Lucky Voice Sings Tableau's Praises


Lucky Voice can’t get enough of Tableau Software. The best-in-class visual analytics solution answers almost every question this leading U.K. provider of karaoke services asks: how many people are booked into our karaoke bars next week? What drinks and food do they prefer? Which are the most popular songs to perform? Answers to these and a multitude of other questions are a click away, and available in a real-time, compelling, easy to use format. By standardizing on Tableau for business intelligence, Lucky Voice is growing revenues, redeploying hard-pressed development resources away from reporting into creating new karaoke services, and maximizing revenue per customer. It all adds up to a complete return on investment in only a few weeks. That is definitely something to sing about.

Karaoke calling

Lucky Voice is redefining the karaoke interactive entertainment experience. A network of private karaoke bars throughout the U.K., an online karaoke experience, and pay-as-you-go solutions for venues and operators enable tens of thousands of customers to sing along to their favourite songs every day.
The company’s growth has inevitably led to an increased demand for real-time, detailed reporting—and this quickly led Lucky Voice to Tableau visual analytics. “Within five minutes of trialling Tableau, I knew I had arrived at my destination,” says Nick Thistleton, Managing Director, Lucky Voice. “We looked at various alternatives, including Jaspersoft, Crystal Reports, and Microsoft PowerPivot, but all of these were either too expensive for our small dynamic company, too complex, or otherwise unmanageable. Tableau did everything we needed straight out the box.”

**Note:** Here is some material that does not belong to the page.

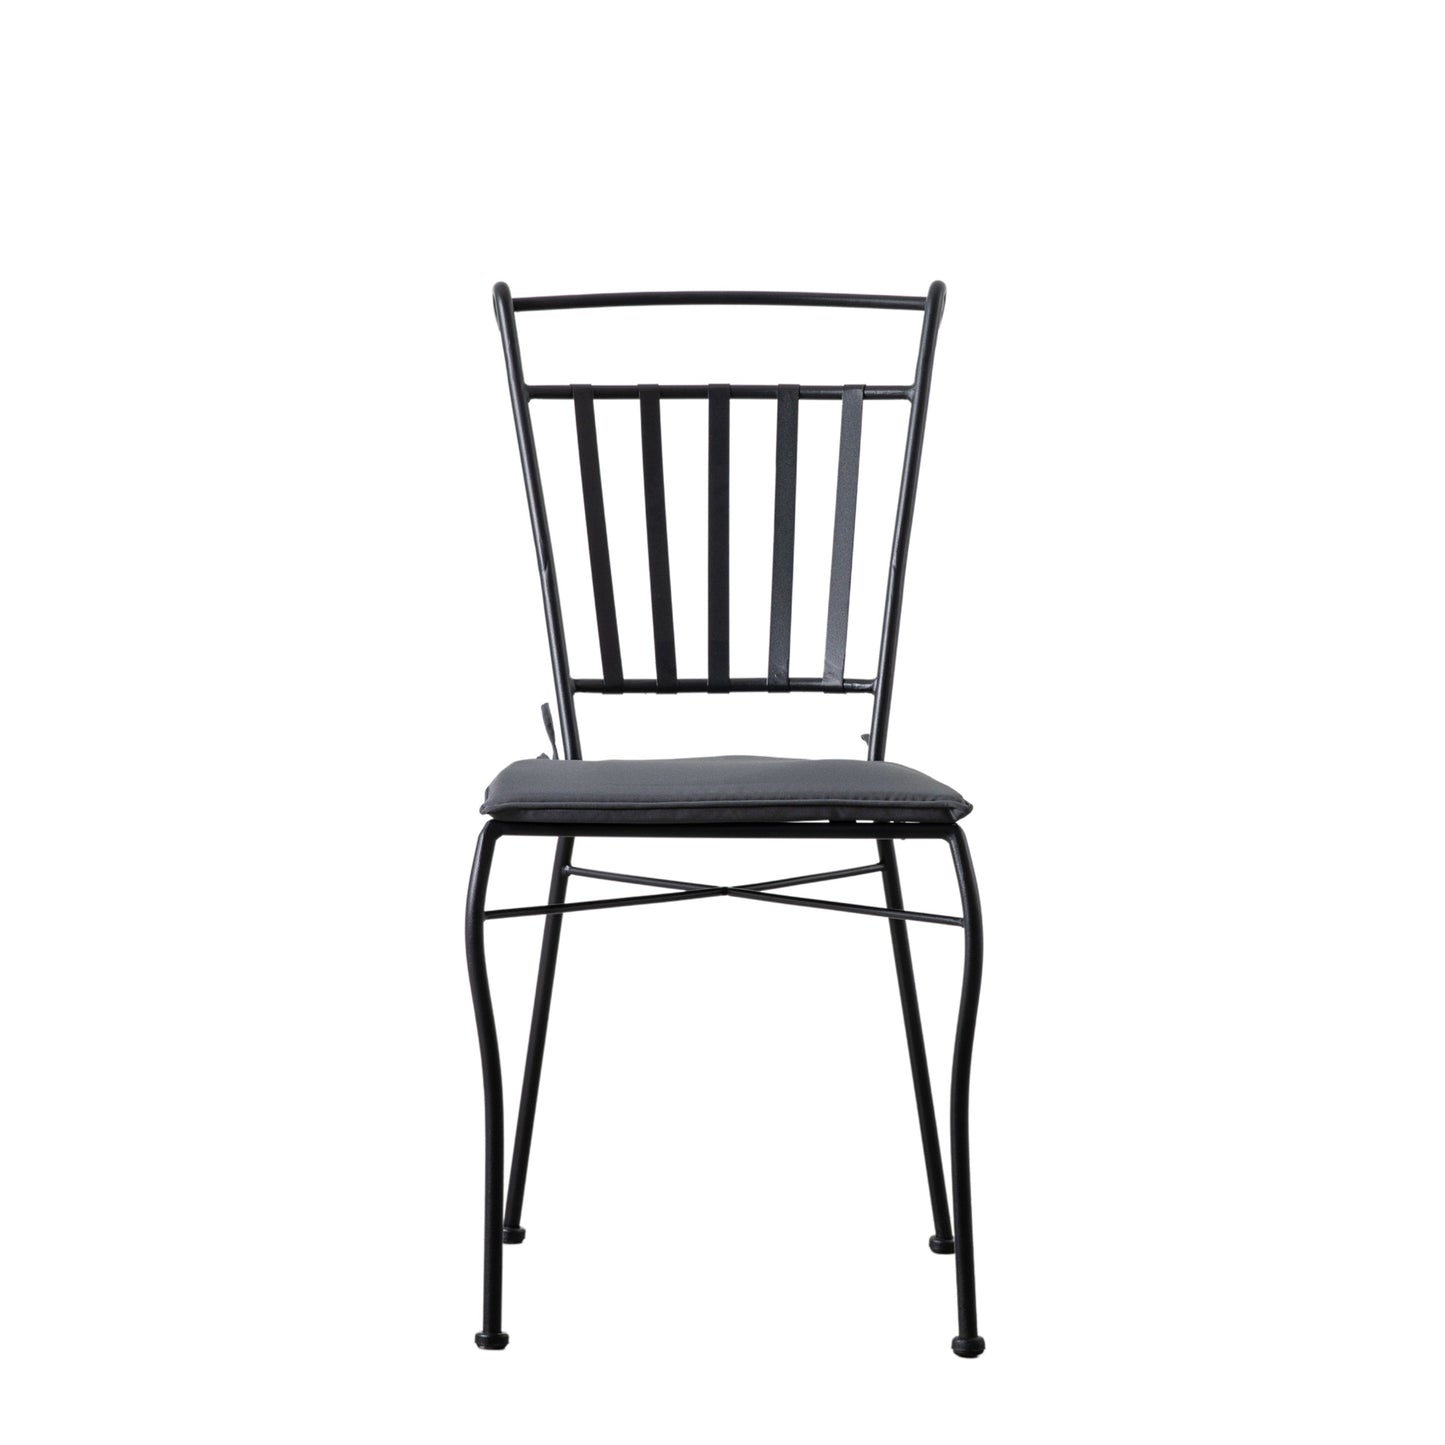 A Colyton Dining Chair for interior decor by Kikiathome.co.uk against a white background.

The intuitive, easy to use Tableau visual analytics technology is now the standard reporting mechanism for Lucky Voice. Live for one year and deployed in one day, the best-in-class hosted solution enables Thistleton and his team to analyze almost any aspect of the business in real-time. Data associated with the performance of each of the Lucky Voice karaoke bars, total booked and forecast revenue, the song catalog, and the demand for drinks and food is available in dashboards which can be filtered, highlighted, and drilled into.

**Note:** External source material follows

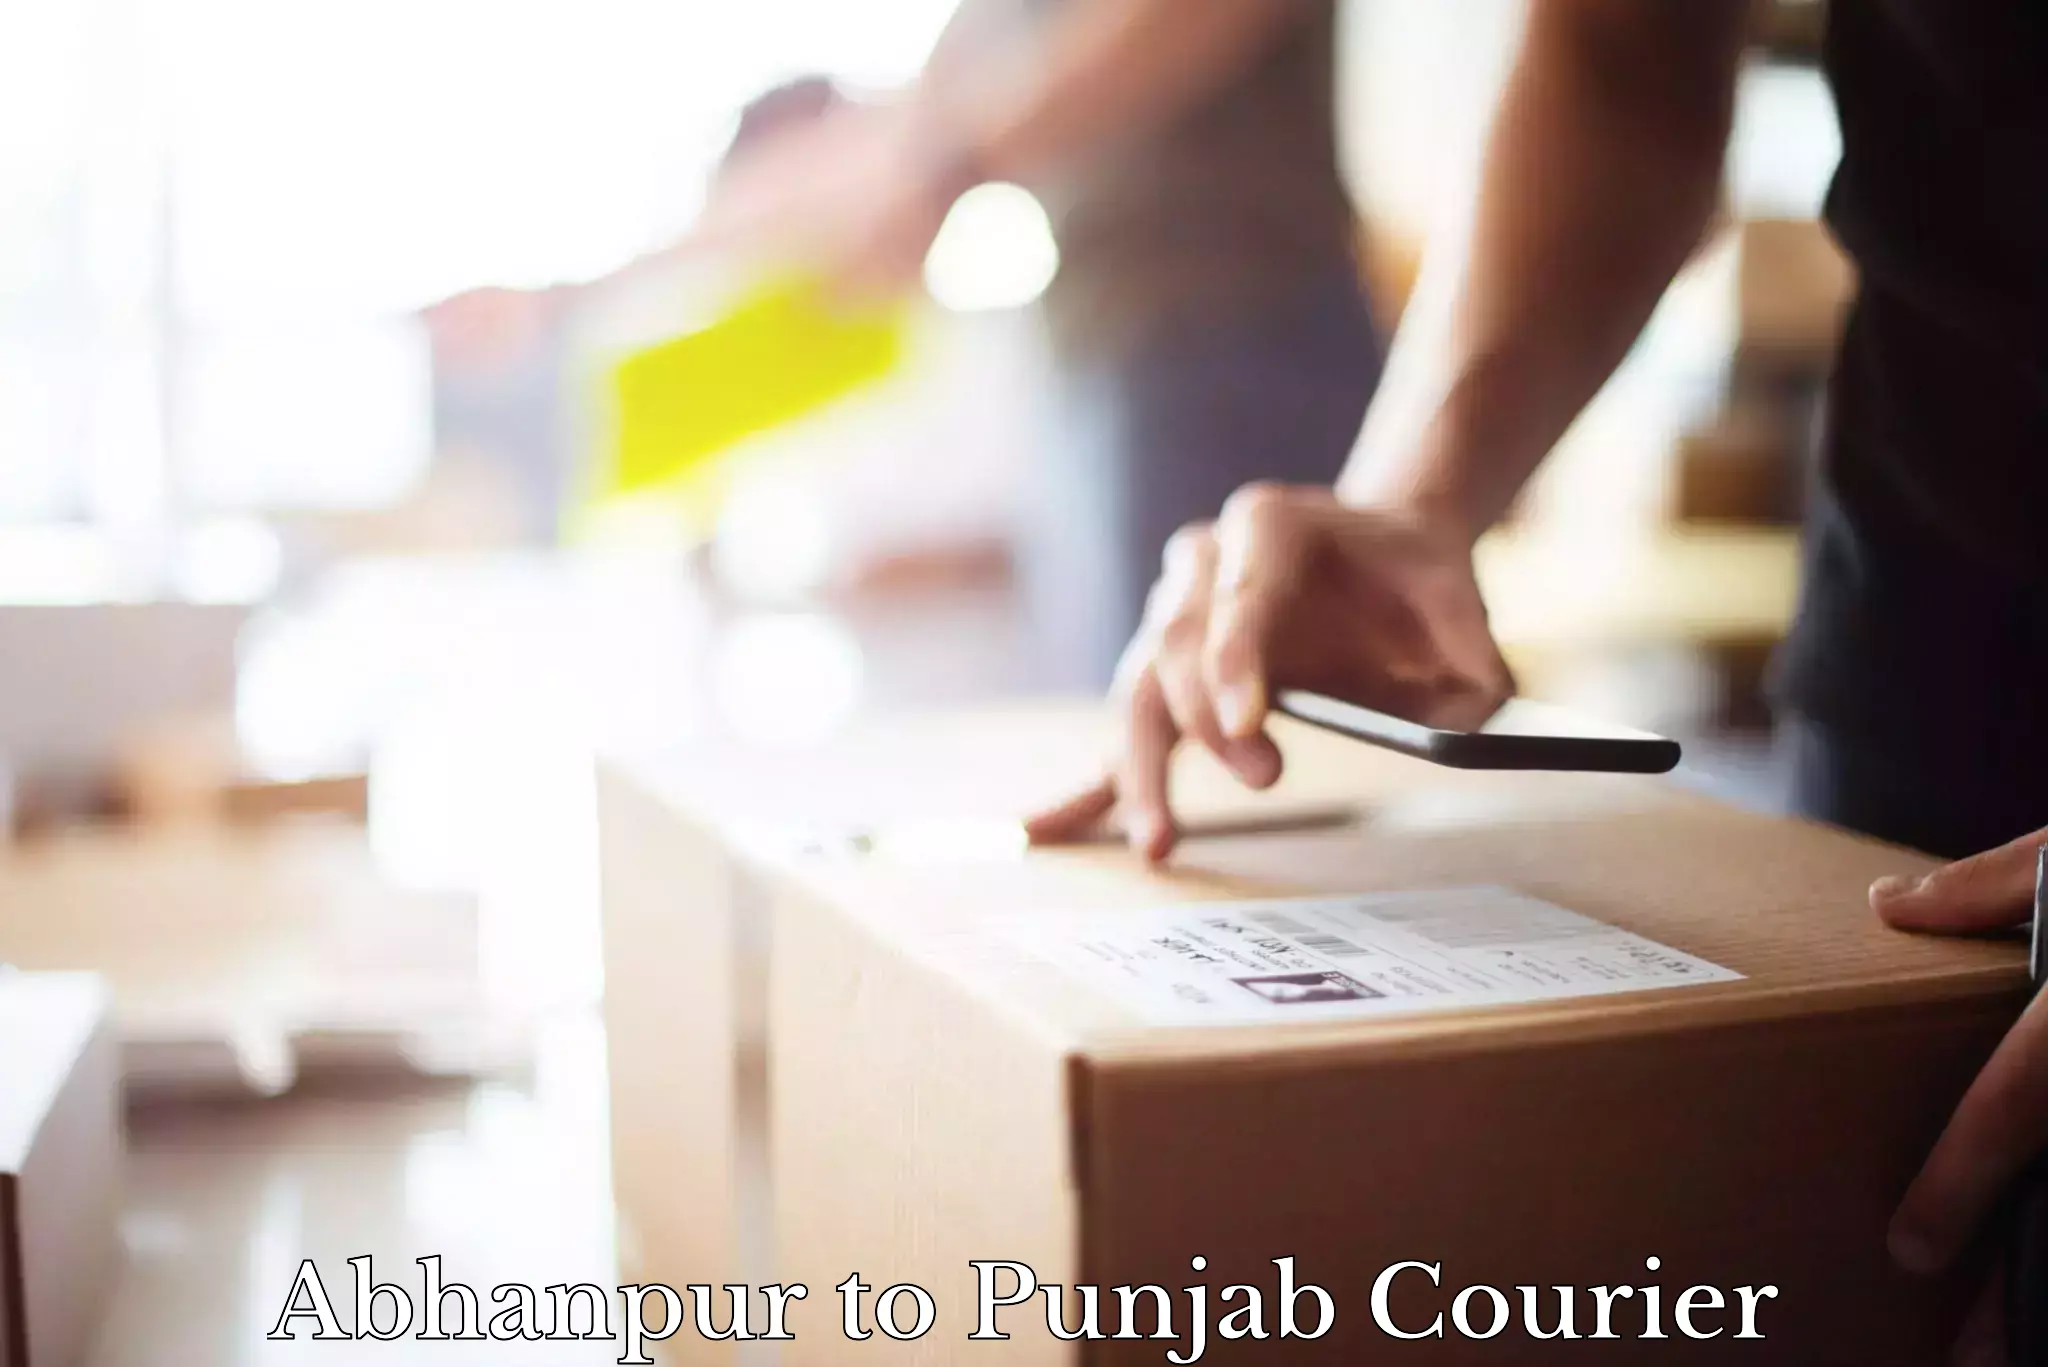 On-call courier service Abhanpur to Punjab

This seamless insight into business performance accelerates trusted decision making and enables Lucky Voice to tailor its services to best meet customers’ needs—and drive revenue growth. For instance, staff working in the karaoke bars can review their sales performance via the in-bar reservation system and compete with one another to see who sells the most. A competitive incentive program has helped boost food and drinks revenues in each bar.

Return on investment in a few weeks

Tableau paid for itself within a few weeks of going live too. How? By pinpointing ways for the business to capitalize on revenue-generating opportunities. The visual analytics also frees developers from the burden of report generation to focus on other critical tasks, like the new touch-screen Web platform that serves up the songs in the bars. “Developers used to provide the reports; however, changes were slow and difficult, and you couldn’t play with the data. Using Tableau the team can ask incidental questions on the fly, without engaging with the developers. Freeing up development time has saved Lucky Voice a significant sum of money,” says Thistleton.

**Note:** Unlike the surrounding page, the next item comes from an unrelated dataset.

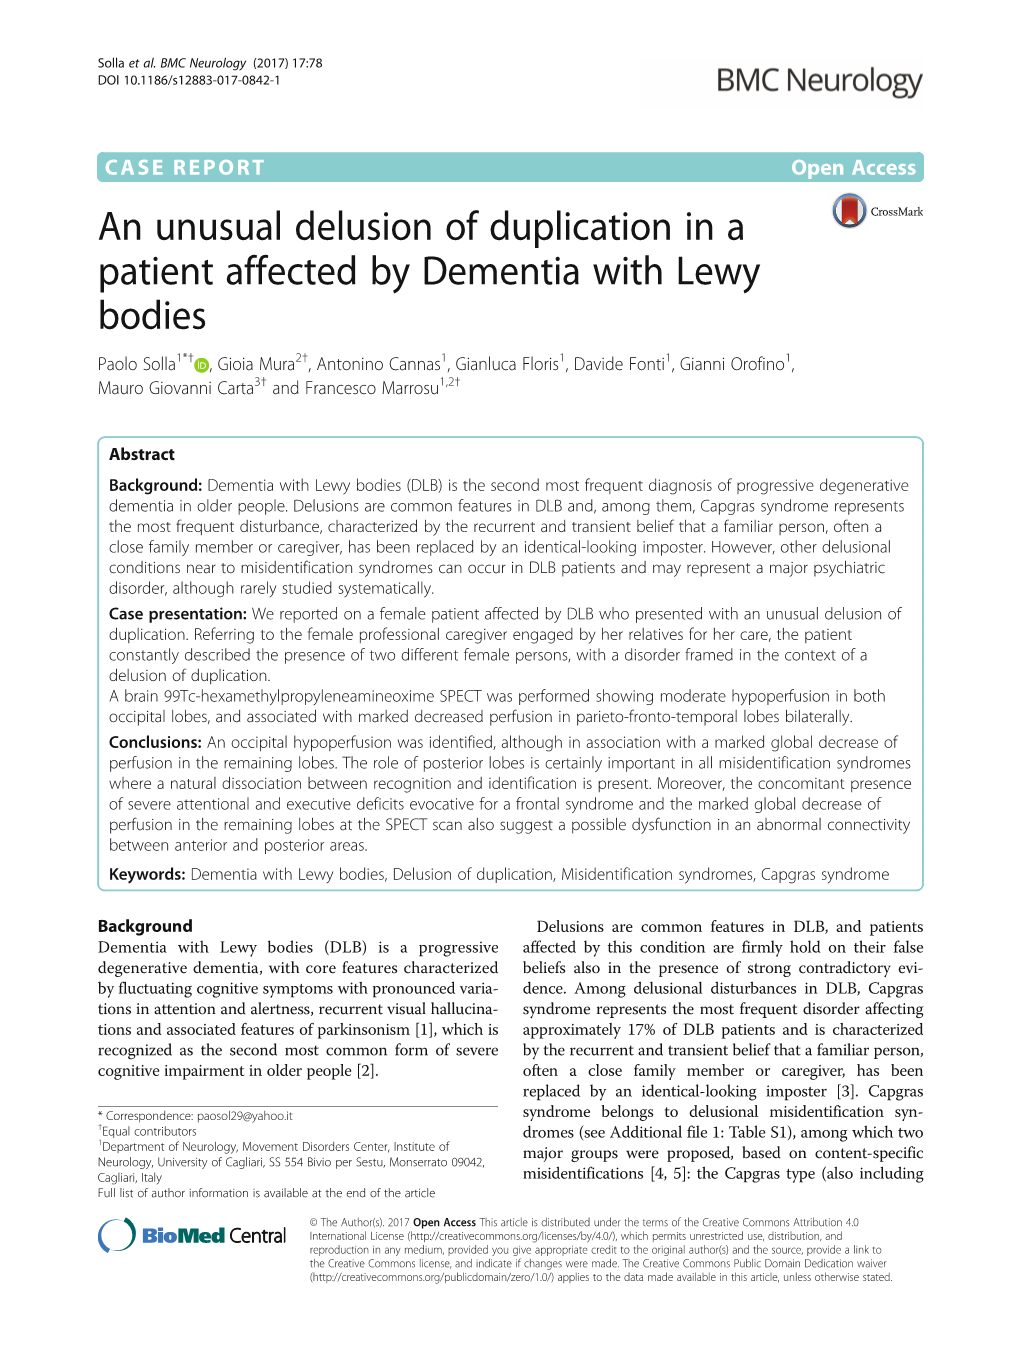 An Unusual Delusion of Duplication in a Patient Affected by Dementia With

Tableau has helped change the culture of the company too, delivering faster, more accurate decision making, and making everyone more aware of—and in touch with—the performance of the business. “Knowledge used to be concentrated at the top of the company,” says Thistleton. “Tableau empowers the real decision makers elsewhere in the company, such as the people working in the bars and the ones that manage the online enquiries.”

The solution has also provided valuable reporting data that might otherwise have been buried and overlooked in a spread sheet. For instance, a simple enquiry in Tableau revealed that on New Year’s Eve 2012, karaoke fans had rejected the traditional sentiments of “Auld Lang Syne” in favor of “Gangnam Style” by the K-Pop rapper Psy. The song accounted for almost a quarter of the 100,000 songs sung that night on Lucky Voice’s online service. Lucky Voice published a press release with the finding, and received blanket, international coverage. That is equivalent to hundreds of thousands of dollars of free promotional marketing from a couple of reporting clicks.

Thistleton concludes, “We were making decisions in the dark before we had Tableau; everything we did was based on instinct. Now we have real time insight into the business, which is helping to maximize sales growth.”